Towards AI Security: Formal Verification of Robust Mean Estimation [Webinar]
At this webinar we unpack how robust mean estimation algorithm can improve the performance of AI classification in the scenarios of adversarial attacks.
29th November 2 - 3 PM CET
Speaker
Ieva Daukantas is a PhD at IT University of Copenhagen, Denmark, with interest in the areas of information security, AI and natural language processing. Before joining ITU, she gained 7 years of experience in the industry and the degree of MSc in software development (ITU, Denmark).
About the webinar
Trimming datasets is used as a cleaning or processing technique in many AI systems. It serves the purpose of improving the robustness of AI algorithms, so that they become less vulnerable to data related attacks. Theory states that the outliers in a data set occur with low probability, and so it follows that they can be removed without causing loss of precision in the classification result.
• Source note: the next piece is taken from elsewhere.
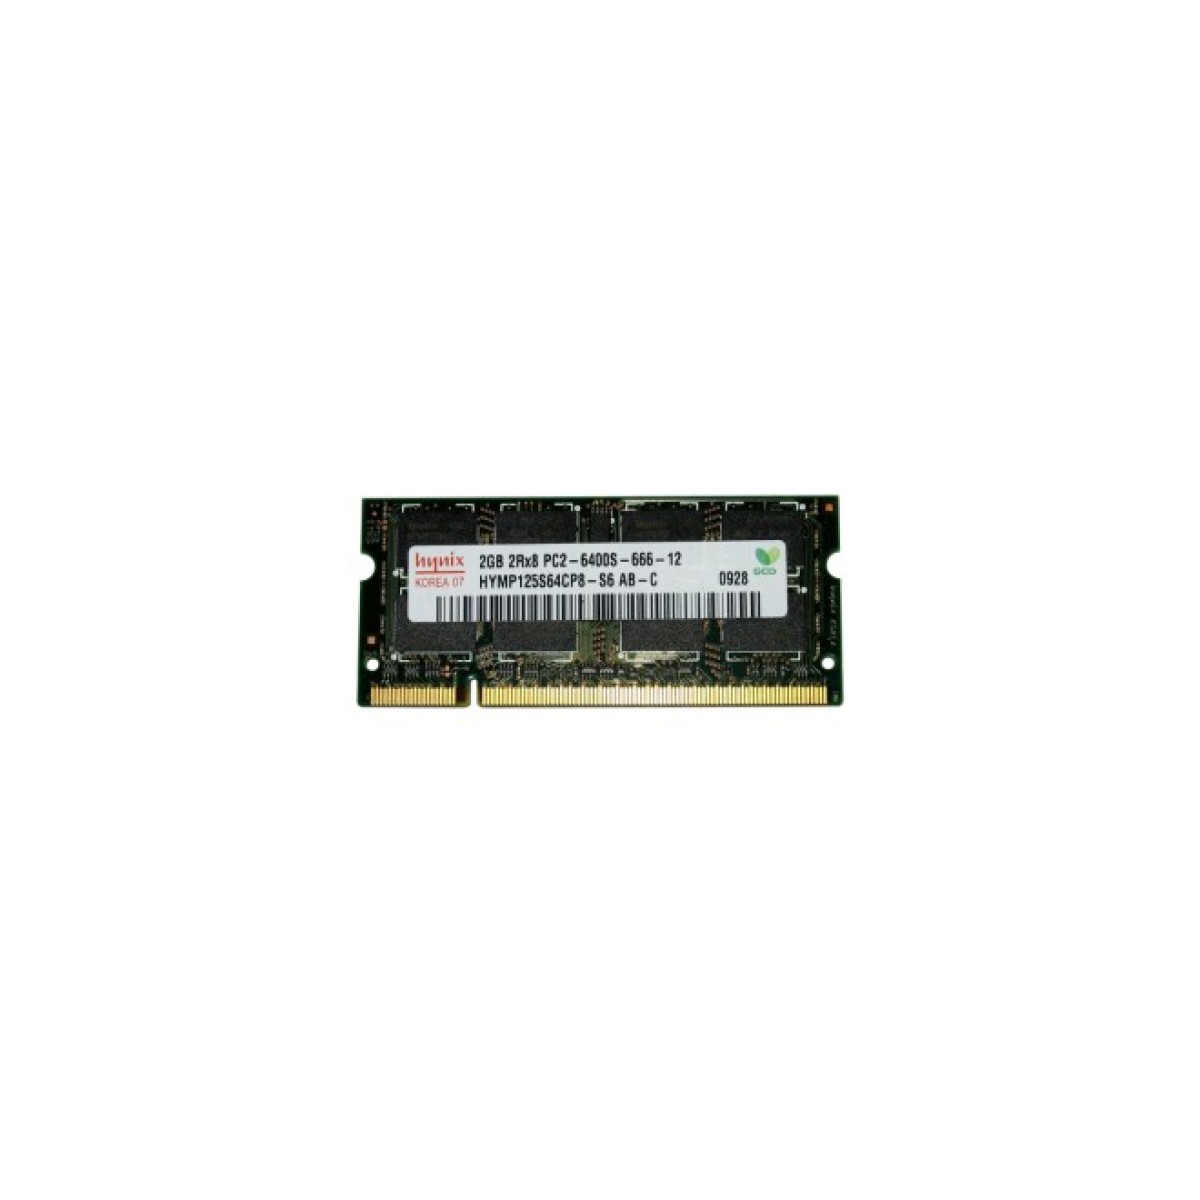 Модуль памяти для ноутбука SoDIMM DDR2 2GB 800 MHz Hynix (HYMP125S64CP8-S6) 256_256.jpg
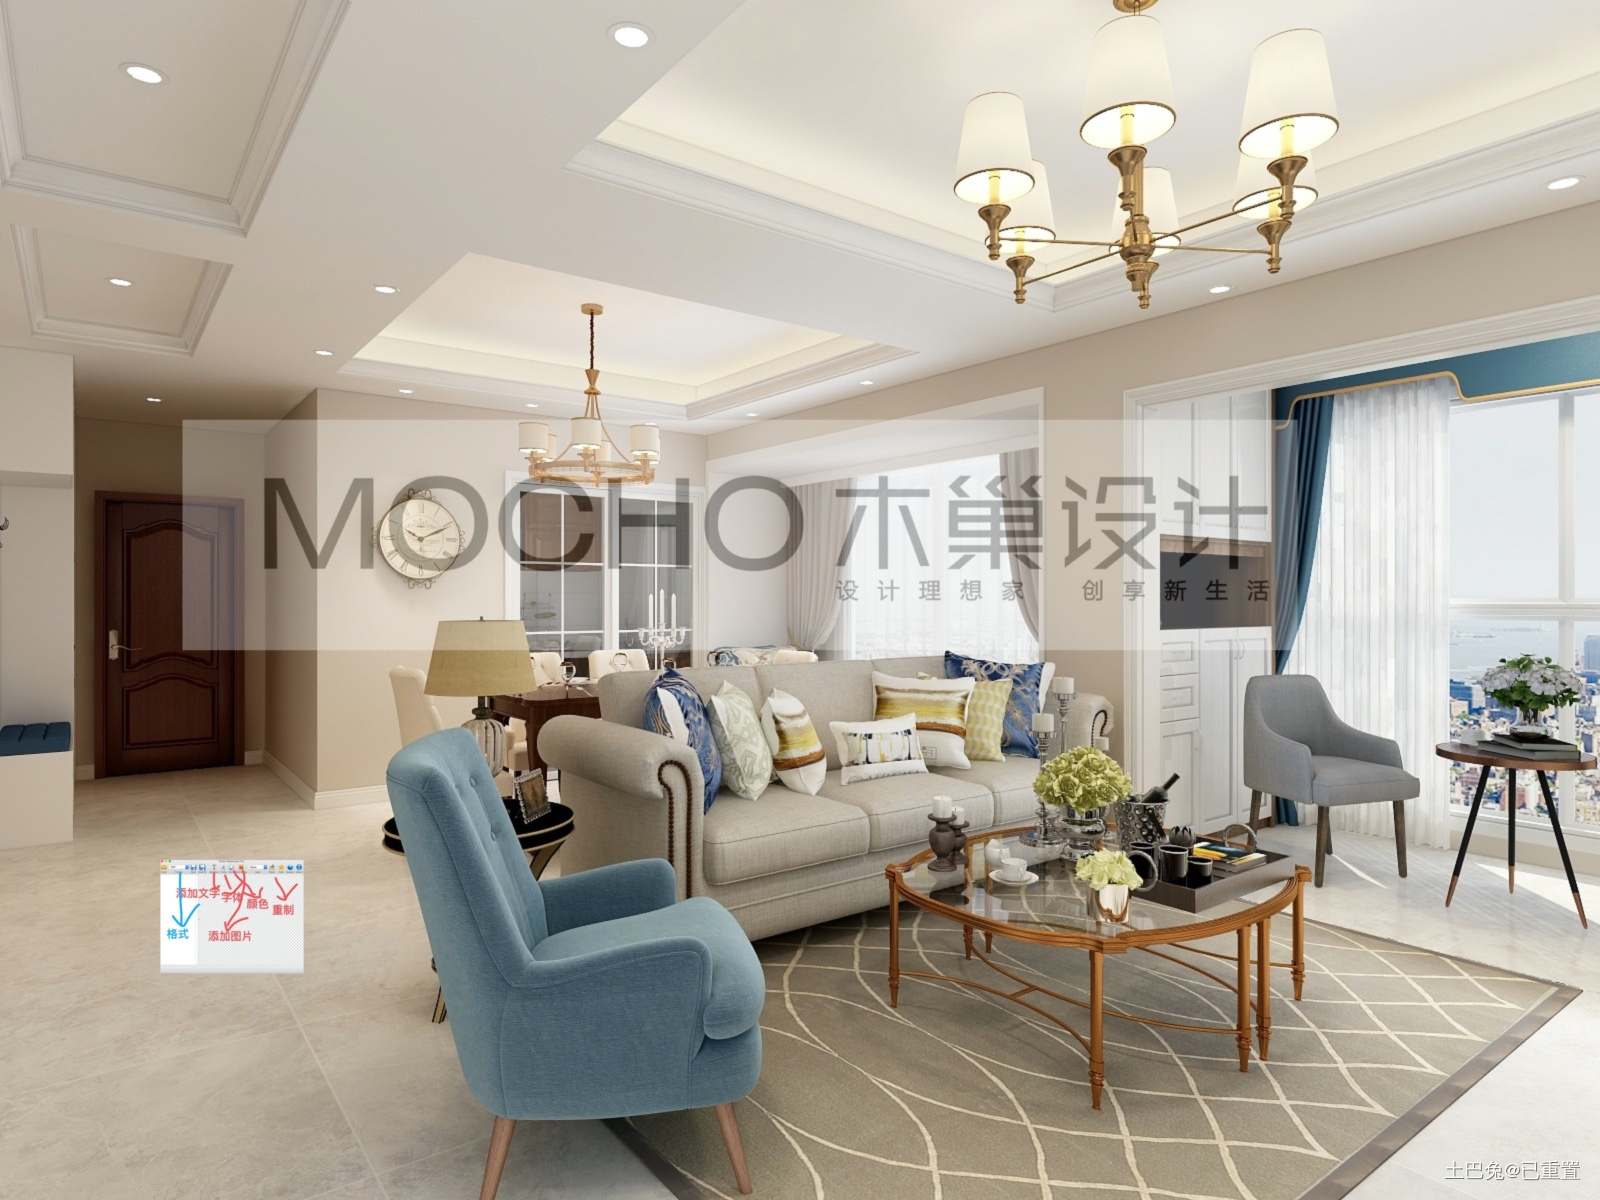 木巢设计美式混搭浅色风格混搭客厅设计图片赏析

The talk is based on the published paper “Trimming Data Sets: a Verified Algorithm for Robust Mean Estimation” (Ieva Daukantas, Alessandro Bruni, Carsten Schürmann), where we introduce a mechanized proof of robustness of the trimmed mean algorithm. This algorithm has high applicability as a statistical technique and can be used in many complex applications of deep learning. We combine theoretical and practical approaches: the Coq proof assistant is used to formalize the robustness of the trimmed mean algorithm and Python Naïve Bayes experiments to illustrate the applicability in AI systems.
Agenda:
• The Context of the Problem
• Theory and Formal verification of Trimmed Mean Algorithm
• Empirical Examples
The talk is based on the published paper “Trimming Data Sets: a Verified Algorithm for Robust Mean Estimation” (Ieva Daukantas, Alessandro Bruni, Carsten Schürmann), where we introduce a mechanized proof of robustness of the trimmed mean algorithm. This algorithm has high applicability as a statistical technique and can be used in many complex applications of deep learning. We combine theoretical and practical approaches: the Coq proof assistant is used to formalize the robustness of the trimmed mean algorithm and Python Naïve Bayes experiments to illustrate the applicability in AI systems.
Agenda:
• The Context of the Problem
• Theory and Formal verification of Trimmed Mean Algorithm
• Empirical Examples
This webinar is a part of our Academic Corner series where we dive into the newest research from scholars within the field of IT research.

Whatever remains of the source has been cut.